In 2014, the school was recognized by the National Blue Ribbon Schools Program as one of 11 schools to be honored in the state that year, and received the National Blue Ribbon Award from the United States Department of Education, the highest honor that an American school can achieve.

In 2013, the school achieved its highest standing to date as the eighth best high school in the United States and first in New Jersey by U.S. News & World Report.

In its listing of "America's Best High Schools 2016", the school was ranked 15th out of 500 best high schools in the country; it was ranked sixth among all high schools in New Jersey. In its 2013 report on "America's Best High Schools", The Daily Beast ranked the school 24th in the nation among participating public high schools and 2nd among schools in New Jersey. The school was ranked 20th in the nation and first in New Jersey on the list of "America's Best High Schools 2012" prepared by The Daily Beast / Newsweek, with rankings based 25% each on graduation rate, matriculation rate for college and number of Advanced Placement / International Baccalaureate courses taken per student, with 10% based on average scores on the SAT / ACT, 10% on AP/IB scores and an additional 5% based on the number of AP/IB courses available to students.

In 2011, Biotech was ranked 25th out of more than 27,000 U.S. high schools by Newsweek, using a six component rating system: graduation rate (25%), college matriculation rate (25%), AP/IB tests taken per graduate (25%), average SAT/ACT scores (10%), average AP/IB scores (10%), and AP courses offered per graduate (5%). It was ranked 18th for average SAT scores (2008–2010) and 26th for number of AP/IB tests given per graduate in 2010.

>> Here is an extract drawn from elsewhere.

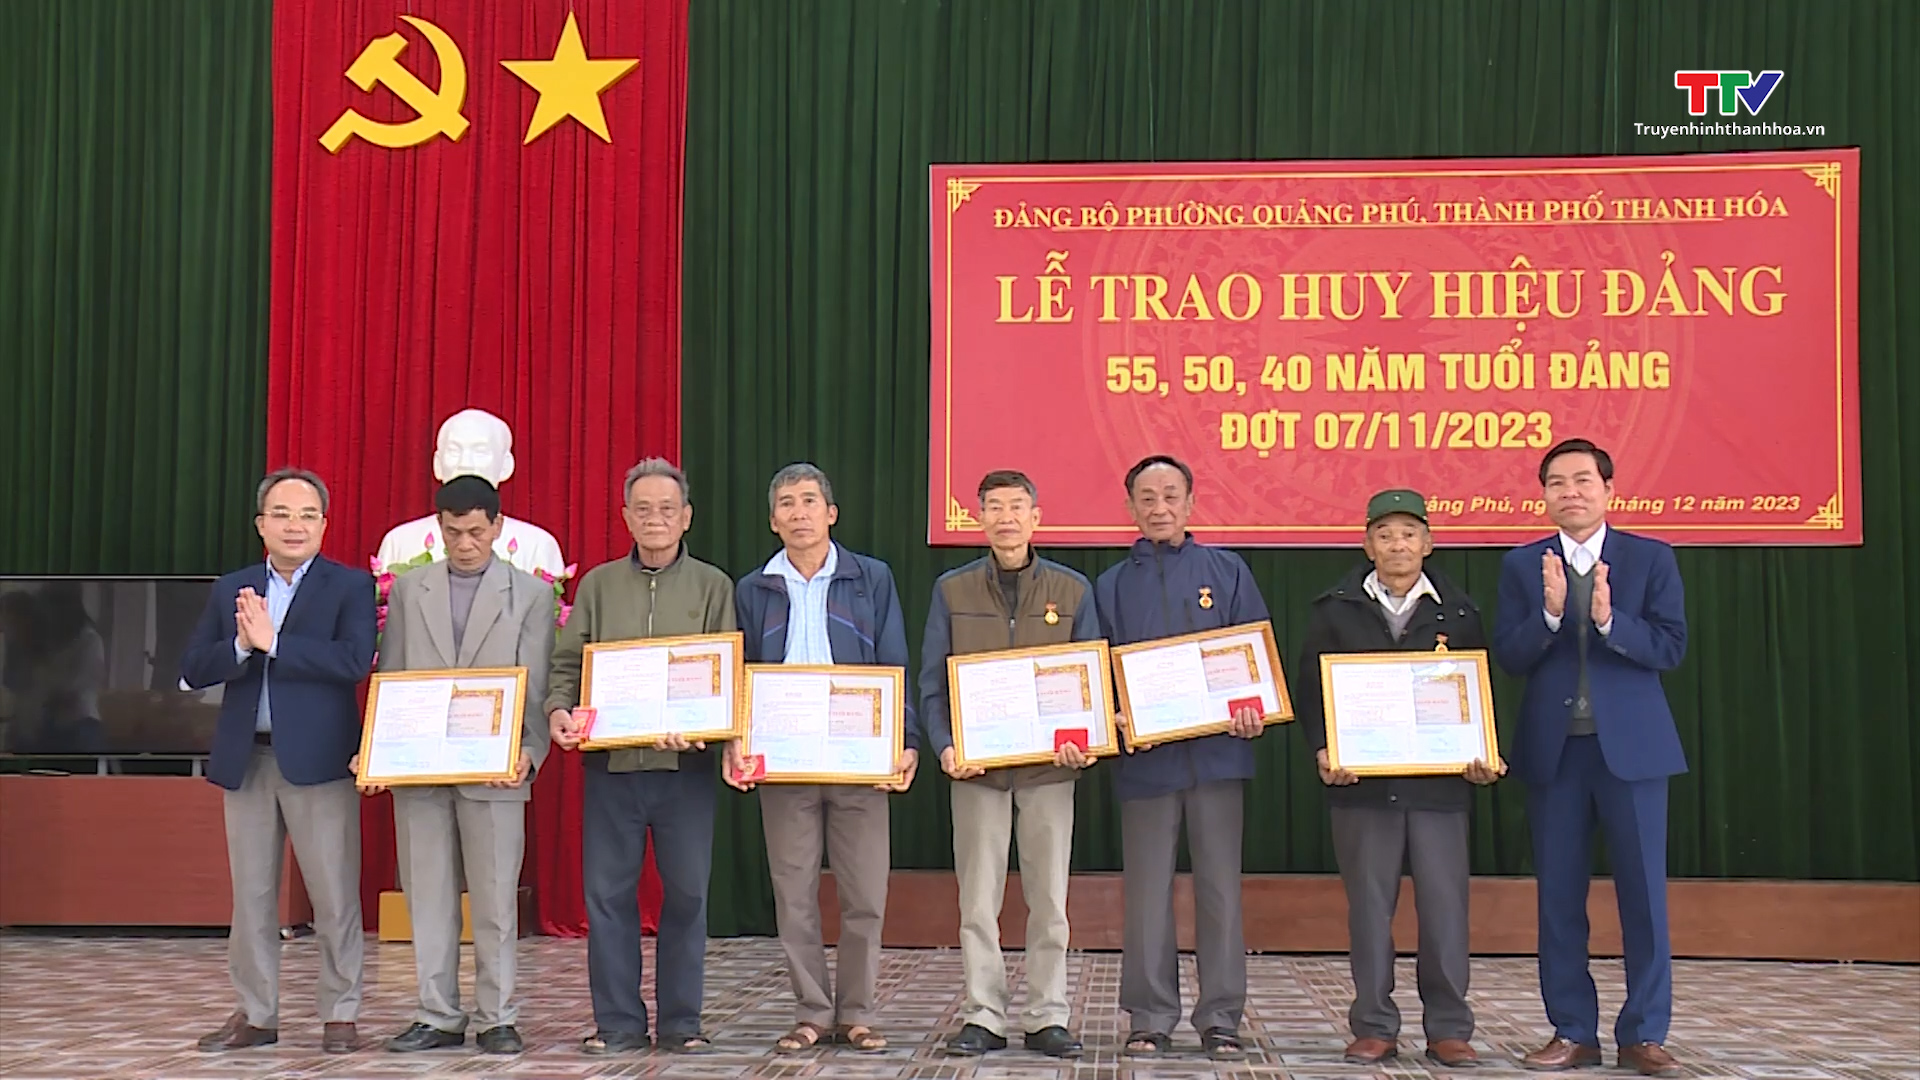 Tin tổng hợp hoạt động chính trị, kinh tế, văn hóa, xã hội trên địa bàn thành phố Thanh Hóa ngày 3/1/2024- Ảnh 2.
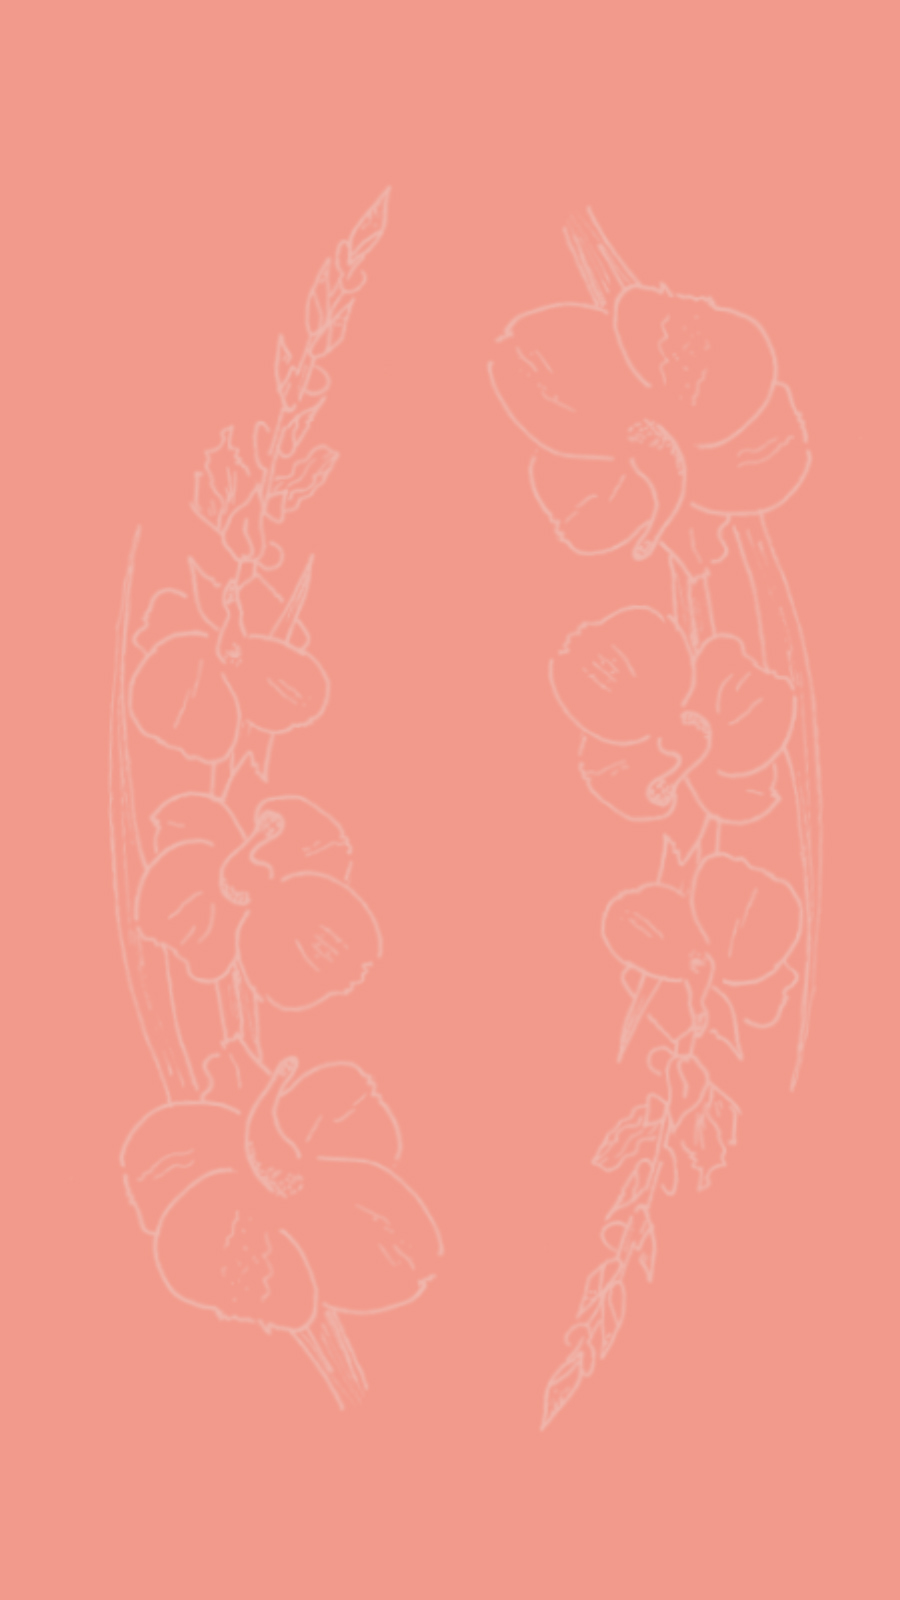 gladiolus flower sketch

In 2010, Biotechnology High School was categorized as a "Public Elite" by Newsweek. In September 2010, Biotechnology High School entered into a partnership with Monmouth University, which allows graduates to enter into the University's bachelor of science program, in addition to allowing students to participate in research projects with MU faculty.

2012-2013 average SAT scores were 662 reading, 694 math, and 678 writing.

Schooldigger.com ranked the school as one of 16 schools tied for first out of 381 public high schools statewide in its 2011 rankings (unchanged from the 2010 rank) which were based on the combined percentage of students classified as proficient or above proficient on the language arts literacy (100.0%) and mathematics (100.0%) components of the High School Proficiency Assessment (HSPA).

==Administration==
The school's principal is Sharon Bryant.

Linda Eno, a former pre-medical teacher at the AAHS, served as the founding principal, from the school's opening in January 2006 until 2014. Sean Meehan, a former history teacher at Biotechnology High School, was principal from 2014 to 2020.

==Faculty==
Biotech's faculty includes four teachers holding doctorates in their fields from graduate schools such as UNC Chapel Hill and Princeton University. Other staff members hold bachelor's and master's degrees, many from nearby Rutgers-New Brunswick and Monmouth University.

==Architecture==
The Biotechnology High School facility was completed in December 2005 and cost approximately $16.9 million to construct. Designed by The Thomas Group, the building consists of 76000 sqft of space on two floors and can accommodate a student population of at least 320. It meets all requirements for LEED certification and features:
- Two dedicated biotech labs
- General-purpose labs for biology, chemistry and physics
- Tissue Culture Lab
- Hookups for alternative fuel vehicles
- An Energy Star compliant EPDM roof

== Admission criteria ==
As with all of the career academies in the Monmouth County Vocational School District, a student wishing to attend Biotechnology High School must apply in a competitive admissions process. Only those who possess high seventh grade final scores and eighth grade first semester scores (based on the core subjects, mathematics, English, science, and history), and achieve high scores in an admission exam that encompasses language arts literacy and mathematics, as compared to others applying, will be offered admission. One student with the highest scores and grades from each sending district will be admitted to the school, and the remaining openings will be filled with the next strongest applications regardless of hometown. Monmouth County students may only apply to one of the five MCVSD schools, so they must consider their application choice carefully.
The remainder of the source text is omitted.